This is “A MoFo Privacy Minute,” where we will answer the questions our clients are asking us in sixty seconds or less.
Question: What risks should companies consider when storing unstructured data?
Answer: Storing unstructured data introduces both new and old data privacy and security risks, including: (1) heightening data breach risk and legal exposure; (2) unintended disclosures via AI; and (3) compliance with data transfer requirements.
Background
Unstructured data refers to data that lacks a predefined format, such as email communications, Slack messages, PDFs, shared folders, video recordings, and presentation decks. This data tends to be generated continuously, if often untagged or categorized, and largely unmanaged. Despite their informal nature, unstructured data repositories often contain the same types of sensitive information as structured systems to which data security and access controls are rigorously applied.

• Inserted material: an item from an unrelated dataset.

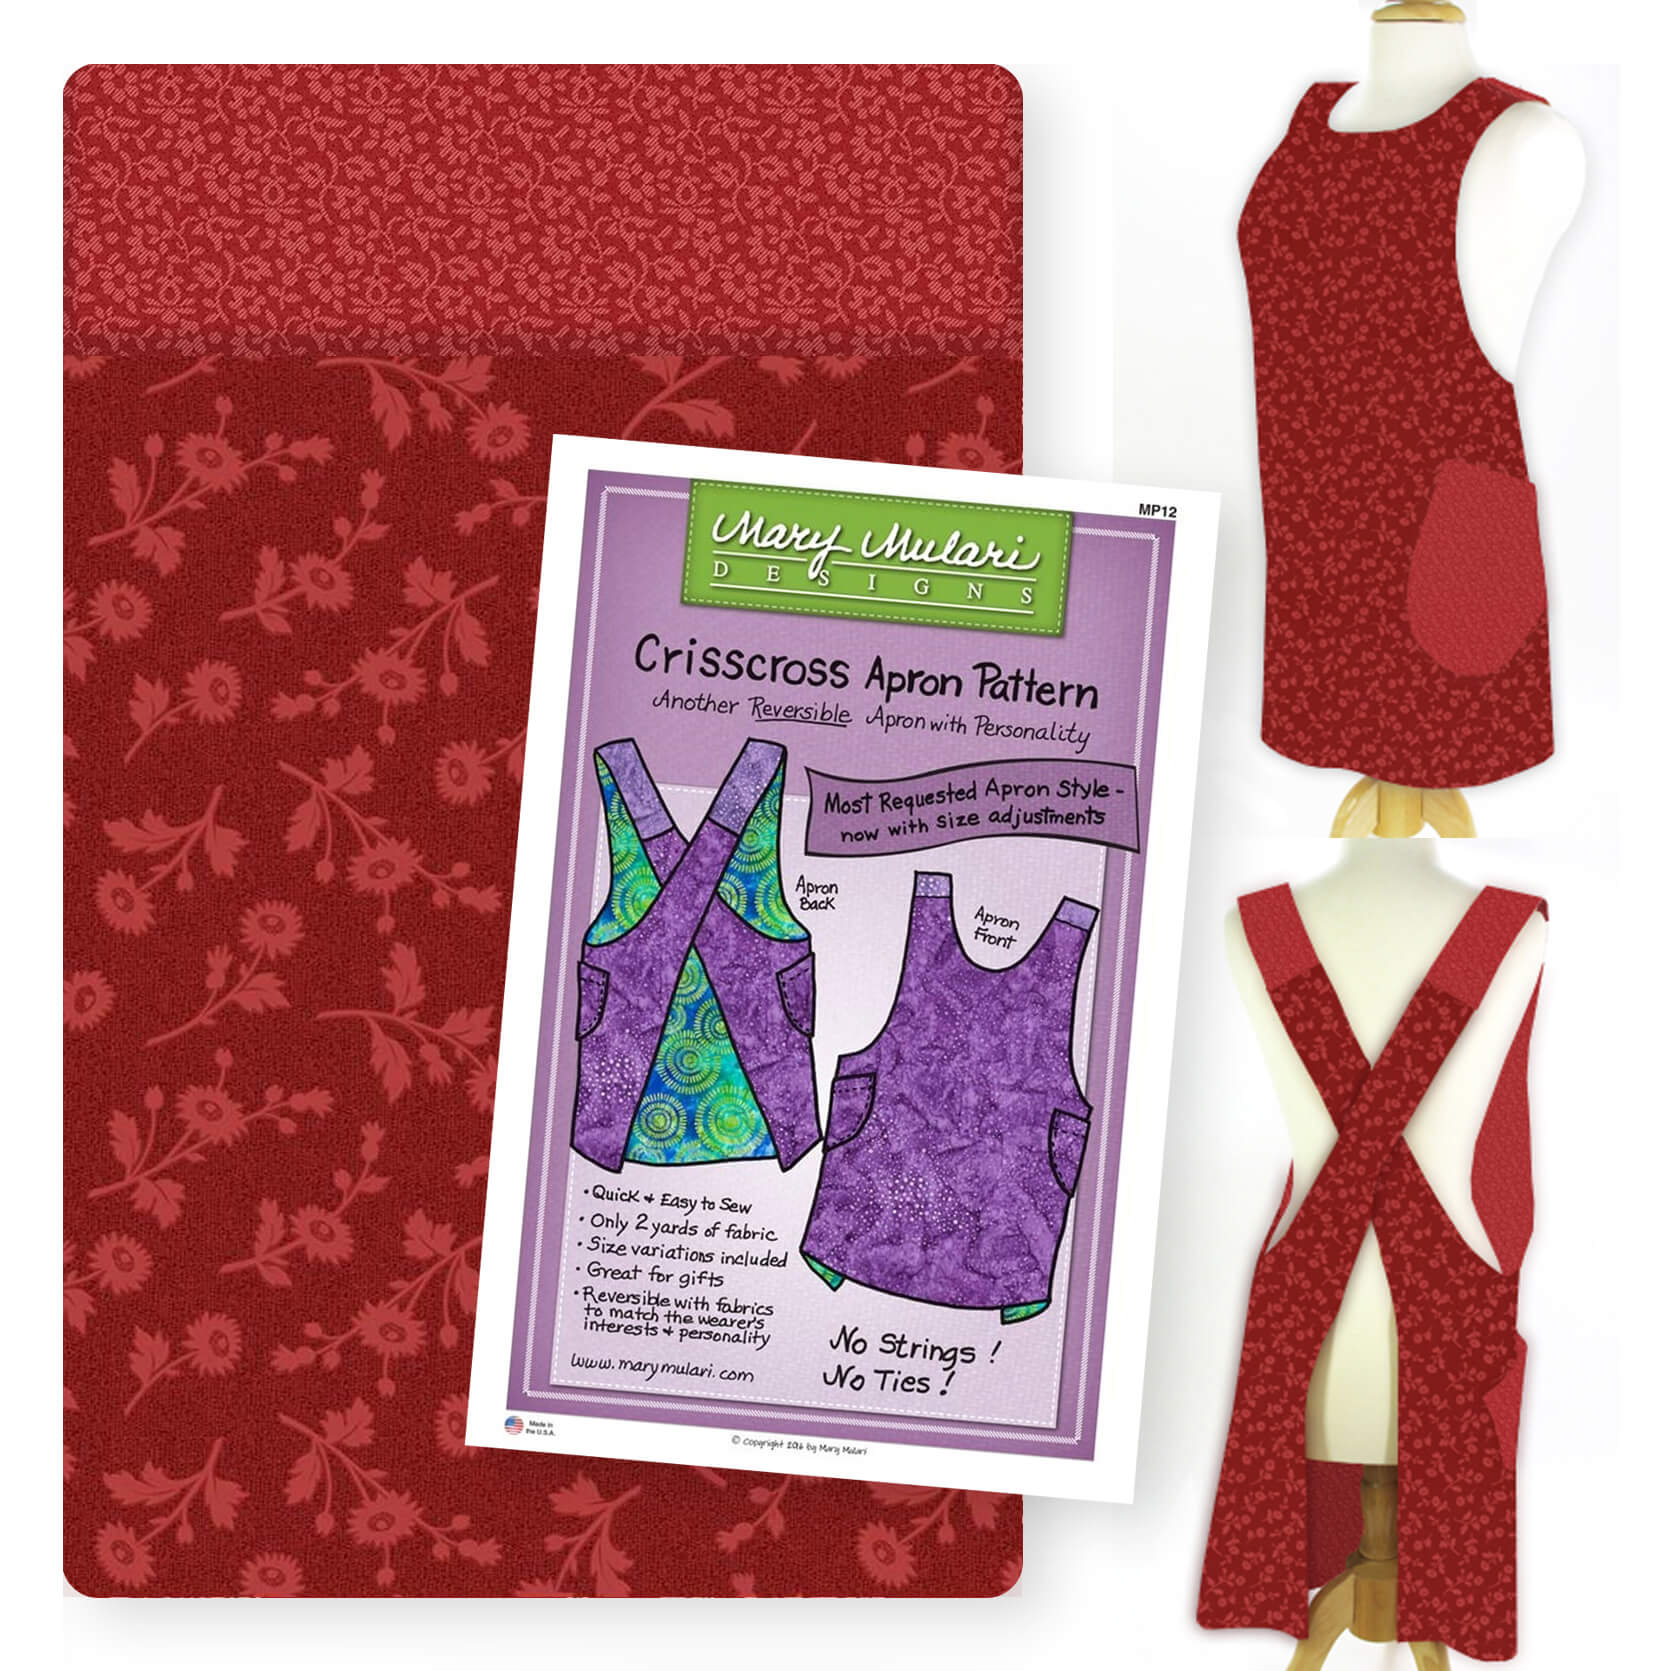 VDBRRCAB Valentines Day Brick Red Crisscross Apron Bundle available at Nancy Zieman Productions at ShopNZP.com

While unstructured data has historically been a frequent target of data breaches, the prevalence of generative AI and new U.S. data transfer regulations are introducing new risks. Companies may wish to consider addressing these risks as part of a comprehensive data governance strategy.
Unpacking the Risks
As noted above, unstructured data poses the following risks:
- Heightened Data Breach Risk and Legal Exposure: Unstructured data often contains personal data, trade secrets, material non-public information, or other confidential business information (“important data”). A data breach affecting this data often exposes data that was never identified as sensitive and thus not properly protected. In response to a cybersecurity incident, companies are forced to devote time and resources to investigating the affected data to determine if there are statutory or contractual obligations to provide notice to individuals, customers, business partners, and regulators, and addressing reputational damage caused by the exposure of sensitive information.
- Unintended Disclosures via AI: Generative AI tools integrated into company systems may unintentionally expose important data when trained on or given access to unstructured data. If unstructured data repositories are not properly permissioned, an AI tool may pull in the unstructured important data in responding to a prompt, exposing sensitive personal information or company trade secrets in ways that were not intended or anticipated. This exposure may lead to breaches of confidentiality agreements, insider-trading risks, or violations of data privacy laws.
- Compliance with Data Transfer Requirements: Recent U.S. Department of Justice regulations restrict access to U.S. sensitive personal data by persons or entities linked to China, Russia, and other countries of concern. To comply, companies are mapping their data flows and conducting due diligence on customers and vendors who may access bulk U.S. sensitive personal data. Unstructured data complicates this diligence, as companies may not know whether such data contains regulated information and, as such, may not be able to determine whether they are in compliance with the regulations.
Recommended Steps for Companies
Companies may wish to take a proactive, risk-based approach to managing unstructured data as part of a broader data governance and compliance strategy:
- Implement Monitoring and Usage Guidelines: Establish internal guidance discouraging employees from storing or transmitting sensitive data, particularly data that is subject to legal or contractual obligations, in unstructured formats.
- Conduct Data Due Diligence: Identify sources of unstructured data (e.g., cloud collaboration platforms, email servers, shared drives) and evaluate their contents to determine if they contain confidential information or personal data subject to data privacy, cybersecurity, or national security laws or regulations.
- Apply Tiered Access Controls: Where eliminating unstructured data repositories is not possible, enforce appropriate permissions and roles-based access and use data classification tools to apply restrictions based on content sensitivity.
- Enforce Document Retention and Deletion Policies: Many organizations retain unstructured data far longer than necessary, expanding the attack surface and increasing legal risk. Implement policies that ensure timely deletion of non-essential data in unstructured repositories similar to those applied to structured managed systems, consistent with applicable retention schedules.